Table 2. Mapping of Gamification Elements to Motivational Aspects

This mapping showcases which gamification element we expect will affect the different motivational aspects to then foster motivation. Note that, it is not guaranteed that these aspects will be affected, as individual users might perceive them differently and the implementation and chosen semantics also play a role.

Points, Levels, Badges and Achievements. Our Gamification Framework enables earning points through actions or achievements, unlocking other gamification elements. When defining levels, the game creator must specify attributes such as the level number, name, necessary points to reach the level, and the notification message. Rules specify the available system actions, which assist users in progressing in the gamified environment and may also indicate the number of points users earn upon action completion. We utilize xAPI statements stored in an LRS to track users’ activities effectively. The xAPI statements offer granular details on each user’s interactions, making them invaluable for monitoring their journey and accomplishments within the game environment. We maintain a structured database record that maps each activity to its corresponding action, including the points it yields. This database not only aids in accurately awarding points but also provides a clear benchmark for the number of points necessary to transition to the subsequent level. A user will automatically advance to the next level once they have accumulated the necessary points. An example is shown in Fig. 1a. For badges, the game creator simply uploads a picture that will be resized by our Gamification Framework, and provides a badge name and ID. For achievements, in addition to the basic attributes such as achievement name, ID, and notification, the game creator must describe the achievement and the rewards that a user obtains upon unlocking it. These rewards can include a point value and/or a badge that will be awarded to the user. Figure 1b shows how a user asks for his badges.

Fig. 1.
figure 1

Screenshots of the gamified Quiz-GBot showing a user: (a) reaching a new level and unlocking achievements, and (b) requesting his earned badge.

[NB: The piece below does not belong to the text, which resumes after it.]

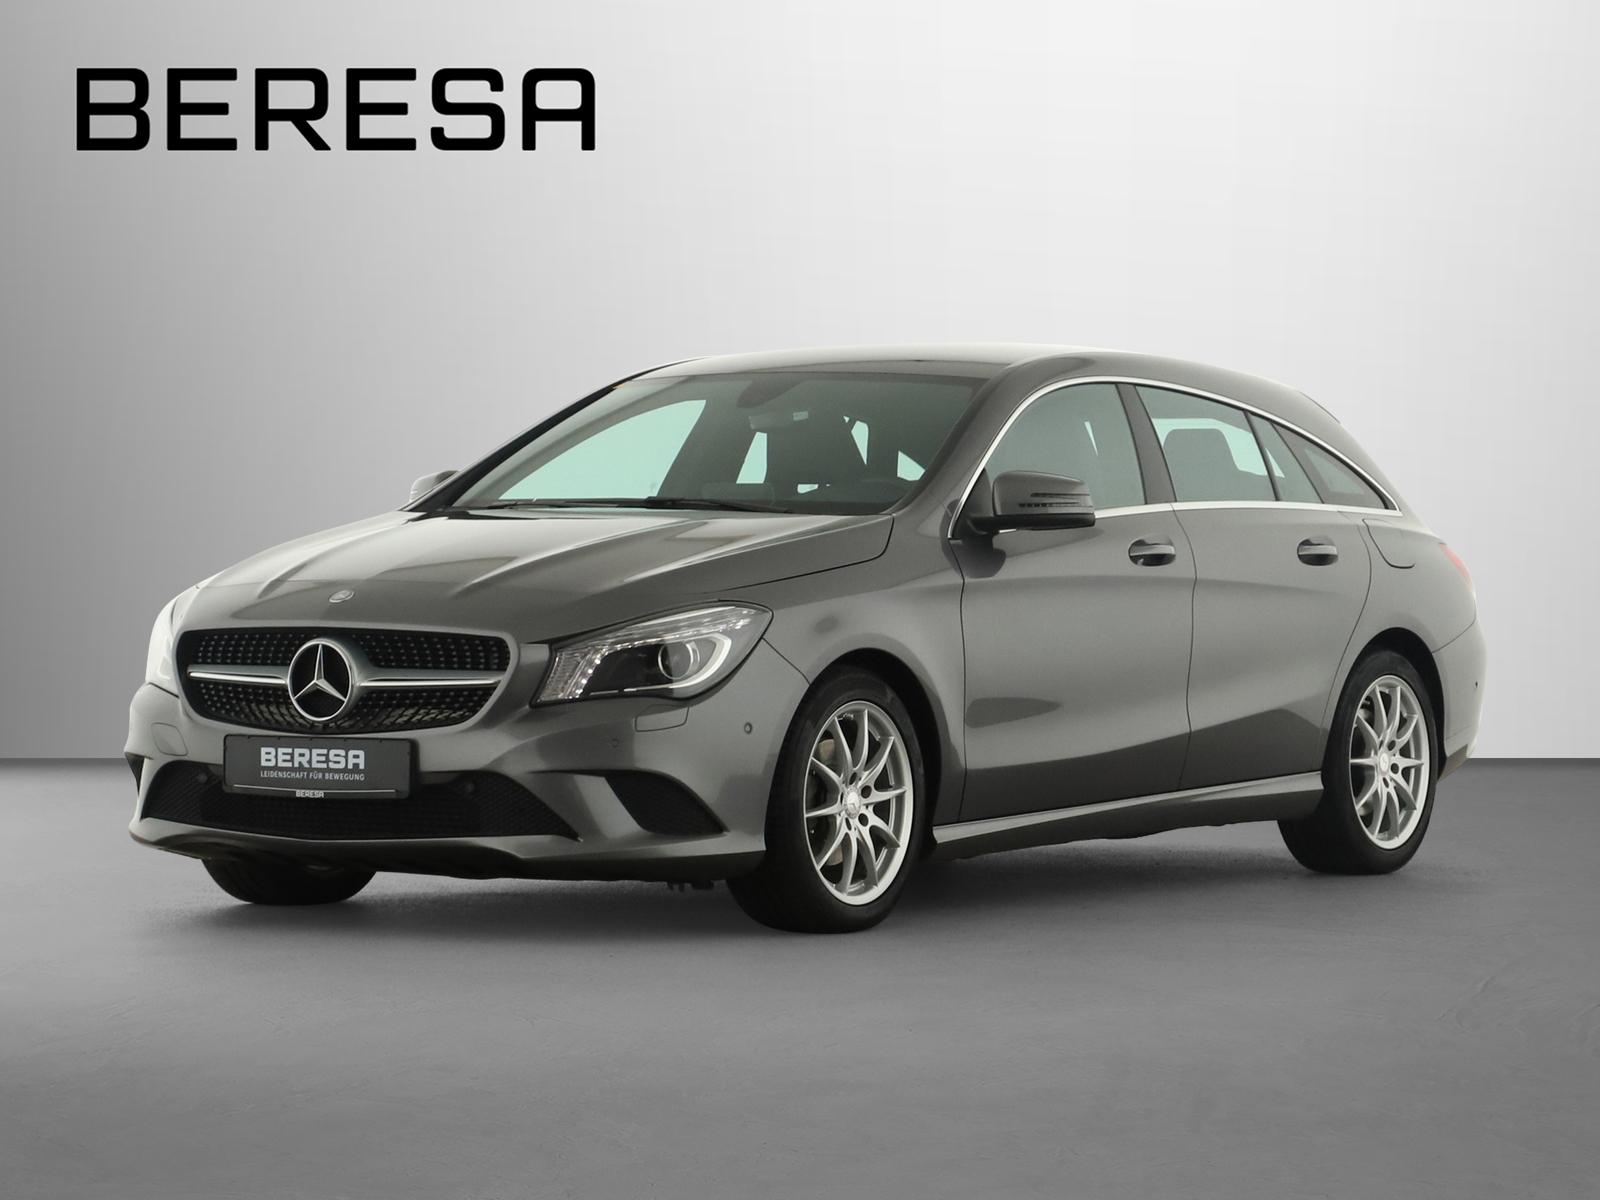 Mercedes-Benz CLA 200 CDI SB Urban *AHK* Xenon Sitzhzg Navi, Jahr 2015, Diesel

Quests and Streaks. The quest element in our Gamification Framework consists of an unlockable achievement and the required actions to complete the quest and unlock the achievement. The game creator can choose which achievement to unlock from the list of existing achievements and which action to perform, along with the number of occurrences of the chosen action to unlock the achievement. Similar to quests, streaks allow the game creator to choose which action causes the streak level to increase. Moreover, achievements that can be unlocked have to be specified for streaks, along with the streak level at which they are unlocked. Streaks also require a duration value to specify how much time should pass between two consecutive action triggers until a streak level is lost. If a streak is lost, the level falls back to level zero.

Player Profile and Leaderboards. Our Gamification Framework provides a player profile card to reflect the current progress of users, similar to the Tatsu Discord bot. To avoid overwhelming users with information, the displayed information on the player profile card was kept minimalistic. The information displayed includes the collected points, current level, required points to reach the next level, number of unlocked and missing achievements, and number of unlocked and missing badges. To add a light form of personalization, the player’s nickname and a badge earned can be added to the profile card. The profile card was implemented as a PNG file that is sent to the user, as this option results in a visually appealing result that is not exclusive to any chat platform. The final design of the template contains an extra placeholder square, which can be used to personalize the profile card by inserting badges at the reserved emplacement and can be personalized by the user. A personalized and completed profile card example is shown in Fig. 2a. Users can also request a leaderboard that displays users’ scores based on a selected activity/metric and helps them compare their progress to other users. The leaderboards can be based on metrics that are present in every application gamified by our Gamification Framework, these metrics being collected points, unlocked achievements and collected badges. Additionally, they can also be based on possible actions in the gamified application, thus being application-specific. On the chat platform, the leaderboard is displayed as a plain text message using minimal formatting containing the three columns rank, number of occurrences/score and the member ID, which is a pseudonym to keep the users anonymous. Figure 2b shows an example leaderboard that displays scores based on points.

Fig. 2.
figure 2

Screenshots of the gamified Quiz-GBot showing a user requesting: (a) his player profile, and (b) the leaderboard.

The entire framework and the Quiz-GBot implementation are open-source and available on GitHubFootnote 11. The gamification component for Quiz-GBot was developed using Java and serves as a wrapper service for our Gamification Framework employed in this project. Its primary purpose is to connect chatbots with gamification elements, enabling seamless integration and communication between the two by gamifying interaction data stored in a LRS database.

4 Evaluation

The evaluation section primarily investigates the effects of a gamified chatbot on motivation, acceptance, and usability. By examining these factors, we aim to determine the feasibility and effectiveness of gamifying chatbots in educational contexts. We additionally compare the results based on the users’ previous game experience and player types, which can provide further insights into the findings.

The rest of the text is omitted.